A common stuggle for digital news startups is that they depend on grants to fund operations or to fund special projects chosen by the donor organization.
So they suffer the uncertainty of whether they can pay their staff and continue providing trustworthy news and information. Grants usually last for a few years at most and must be renewed. So a news organization that goes on a hiring spree with donor money might have to do a painful downsizing if a donor pulls the plug.
Another ailment caused by grants is “mission creep”, in which a news startup undertakes special investigations chosen by donors that might stretch their resources and not align with their core mission. These publishers have to run faster and faster only to see their primary goal fade in the distance.
Lately, the two biggest disruptors of quality journalism, Google and Facebook, have helped digital startups with big grants. The tech giants have encouraged the launch of startups to fill gaps in news coverage left by legacy media that have cut staff or closed down. But how long will their support last? What can replace it?
Facebook followed up with its own announcement that it, too, would invest $300 million over three years, mainly to support local news. (Was it a coincidence that Facebook chose to use the exact same figure as Google?) The social network giant then announced a program called Facebook News in the US, UK, and Germany in which it committed to pay publishers to post their news on its platform.
These investments, by the way, represent pocket change for the tech giants — the annual commitments represent less than one-tenth of 1 percent of their ad revenues in 2020–US$ 84 billion for Facebook and US$ 147 billion for Google.
The million-dollar question is whether it was also a coincidence that the John S. and James L. Knight Foundation, the major US funder of public-service journalism, later chose to announce that it would invest $300 million over five years to build “the future of local news and information, which are essential for democracy to function”. Why choose the same $300 million figure? Was this nonprofit hinting that the tech giants should do more?
How to escape the grant-funding trap? SembraMedia’s study of 201 digital news startups in Latin America, Africa, and Southeast Asia suggests one way. The study found that those with a paid sales or business development person had six times the revenue of those that did not (graphic below).
Beyond that one remarkable data point, there is no single formula for creating a viable business model for trustworthy public-service journalism. But there are tactics and strategies that can be emulated.
The International Press Institute’s “The Local Media Survival Guide 2022” includes 21 case studies that show specific actions taken to solve the funding problem in Asia, Africa, Latin America, the Middle East, and Eastern Europe. Lead researcher and author Jacqui Park prepared this report based on in-depth discussions with three dozen journalists, editors, media leaders, and entrepreneurs from legacy media and new local startups.
Dr. Anne Schulz analyzed the funding challenges of media in 38 countries and came up with some recommendations in her report “Local news unbundled: where audience value still lies” for the Reuters Institute’s Digital News Report 2021. Among her conclusions is that each local market’s dynamics are so distinct that solutions will be different for each. The differences begin with the local news topics that matter most in each market and include which consumptions channels are considered most trustworthy, from print, to broadcast, to social networks, to search results.
In the same Reuters Report, Dr. Richard Fletcher and Prof.
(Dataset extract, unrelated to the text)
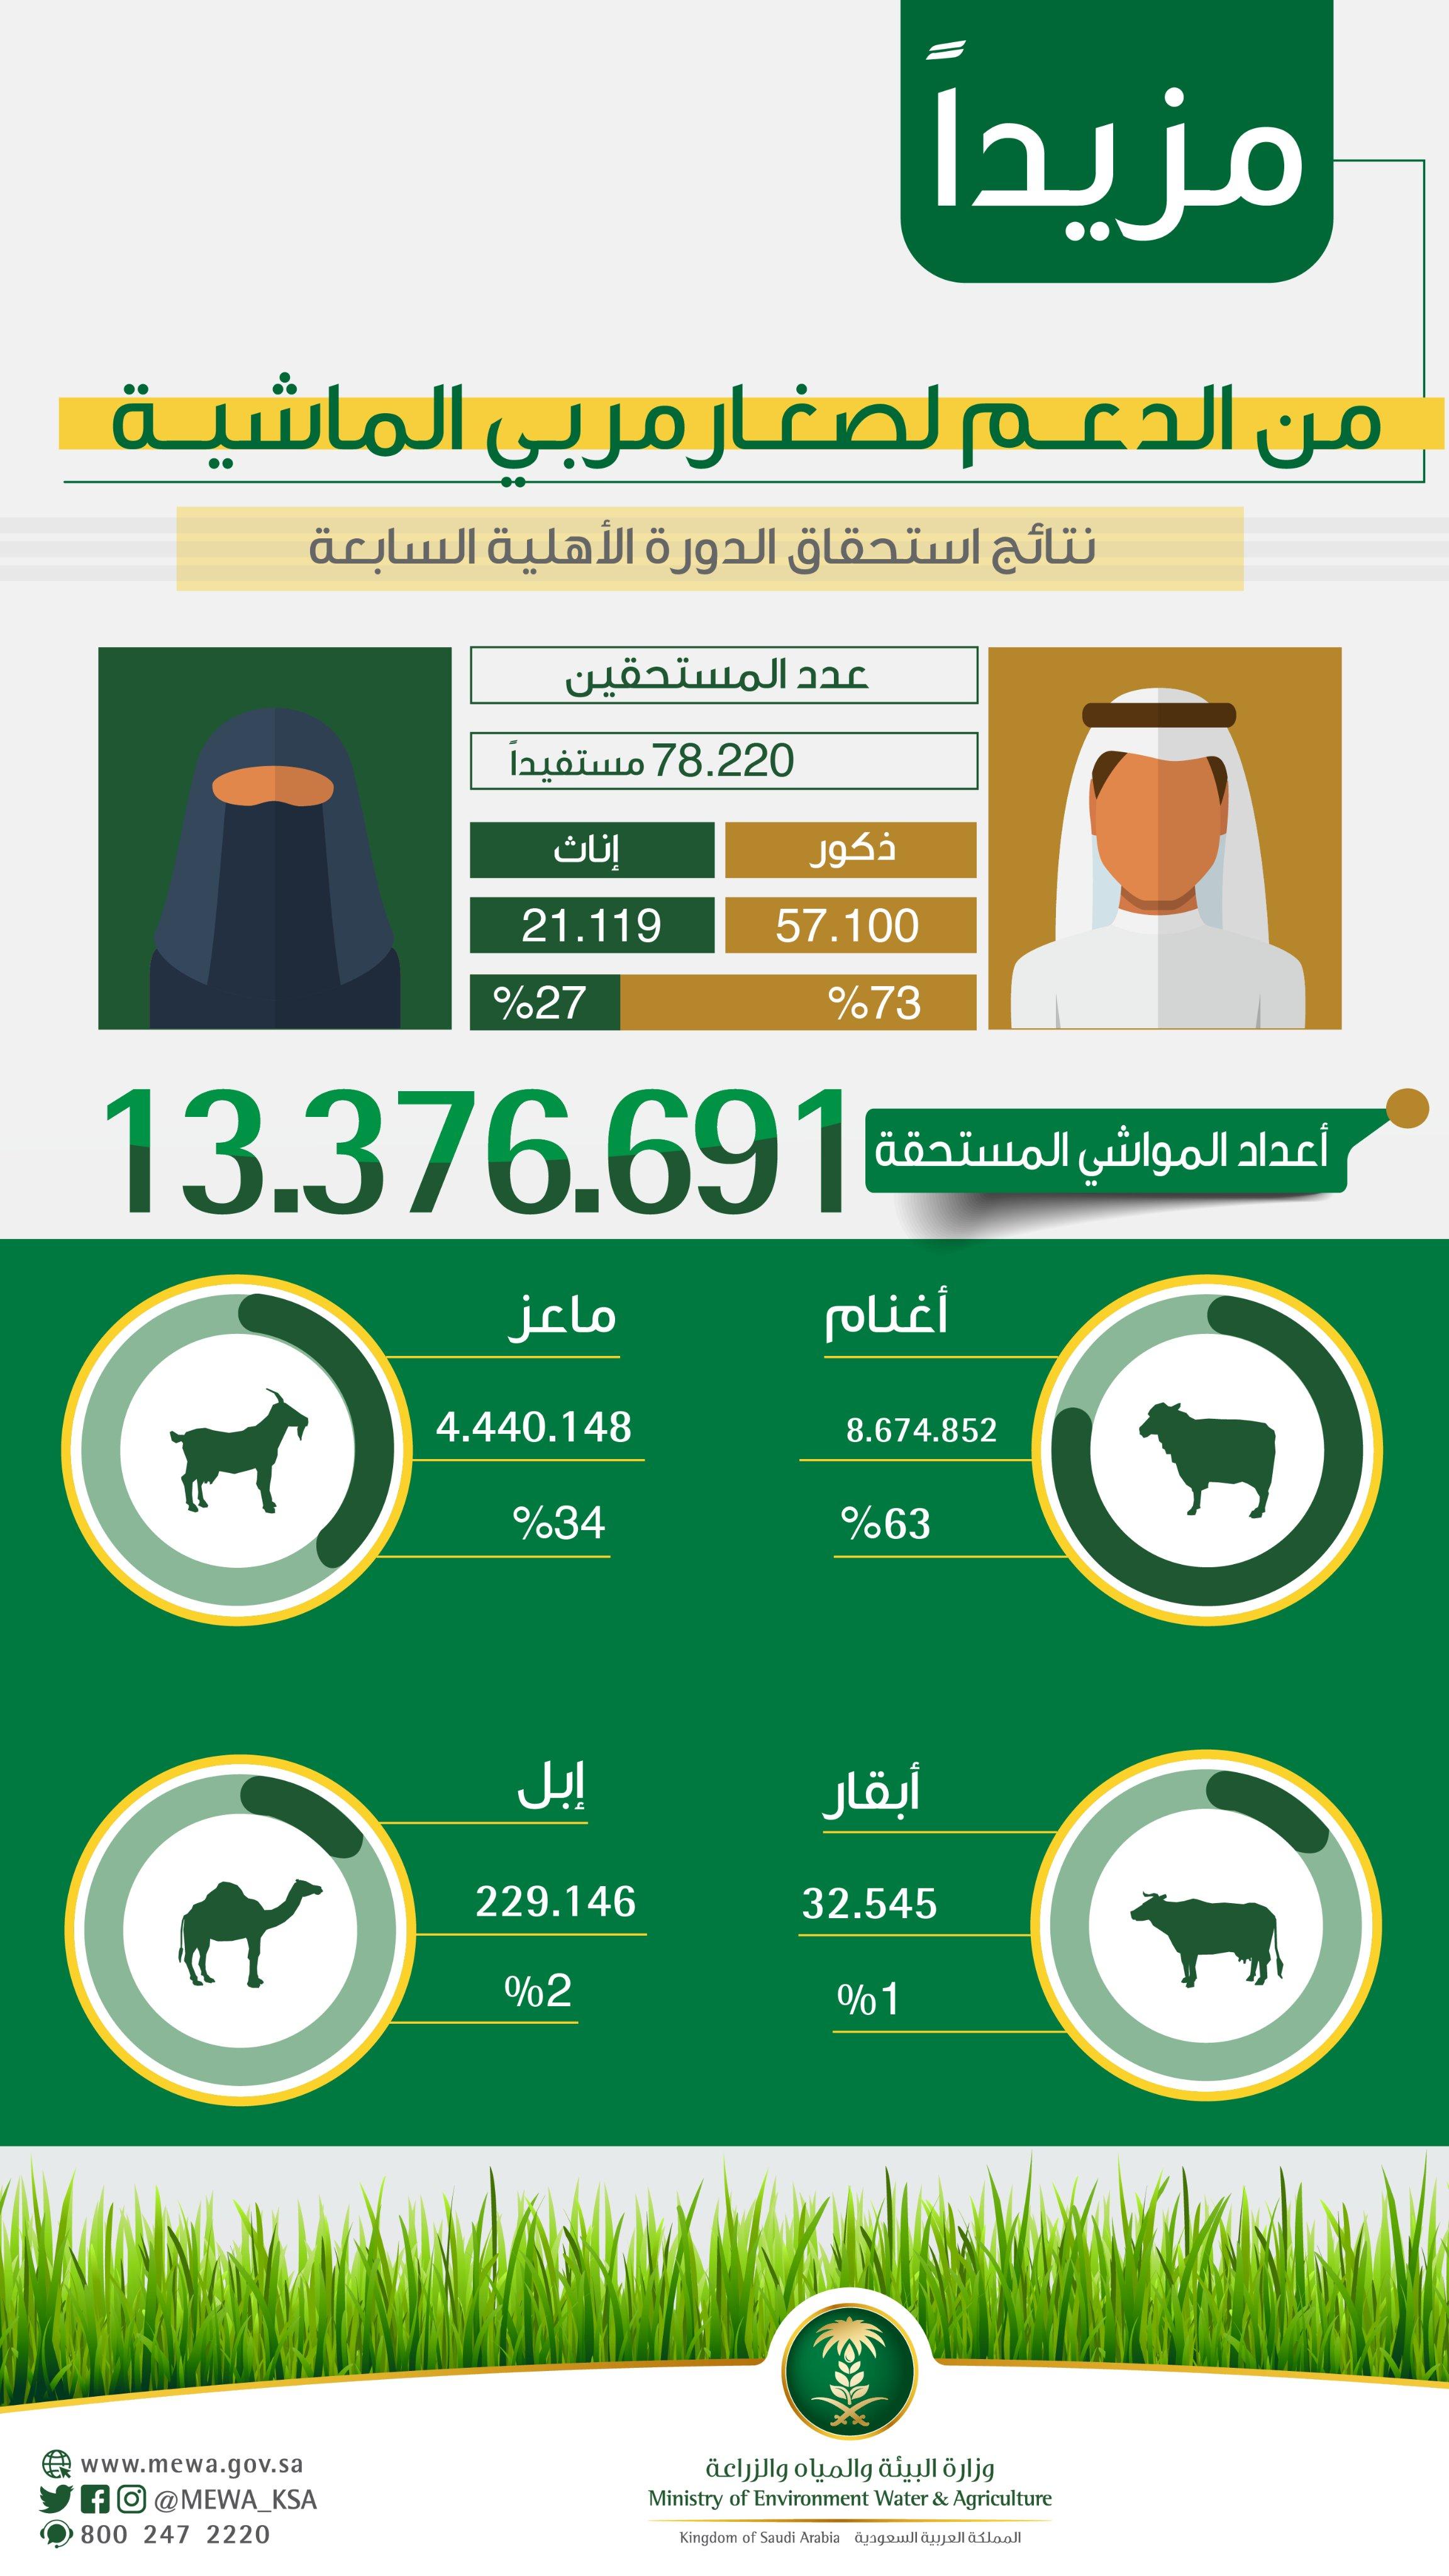 وزير البيئة السعودي صرف الدفعة السابعة من الدعم الشهري لصغار مربي الماشية معلومات مباشر

Rasmus Kleis Nielsen examined the question “How do people think about the financing of the commercial news media?” Specifically, at least 2000 media consumers in each of 33 countries were asked, “How concerned are you, if at all, about the financial state of commercial news organisations in your country?” The answer, across all markets, was that 53% said that they are either ‘not at all concerned’ or ‘not very concerned’.
Given that most people aren’t concerned about the financial viability of the news media, we professional communicators have to admit we have not made a case for why ordinary citizens should be willing to pay for news. In 20 countries, only 17% have paid for any online news in the last year, according to the Reuters report.
The covid-19 pandemic did increase people’s awareness around the world of the importance of trustworthy news sources. But we have to do a better job of showing the value (see my Journalists discover marketing (finally).
And I still believe that local journalism offers an alternative to the algorithm-driven distraction industry of cable TV, social media, and optimized search (see my Local news startups: digital entrepreneurs and philanthropists are collaborating to replace lost coverage).
What this means is that grants will continue to be part of the financing solution for many local media. Because of that, many will fail or stumble along. But others will manage to find enough other support from subscriptions, memberships, events, consulting, and other sources to grow and thrive.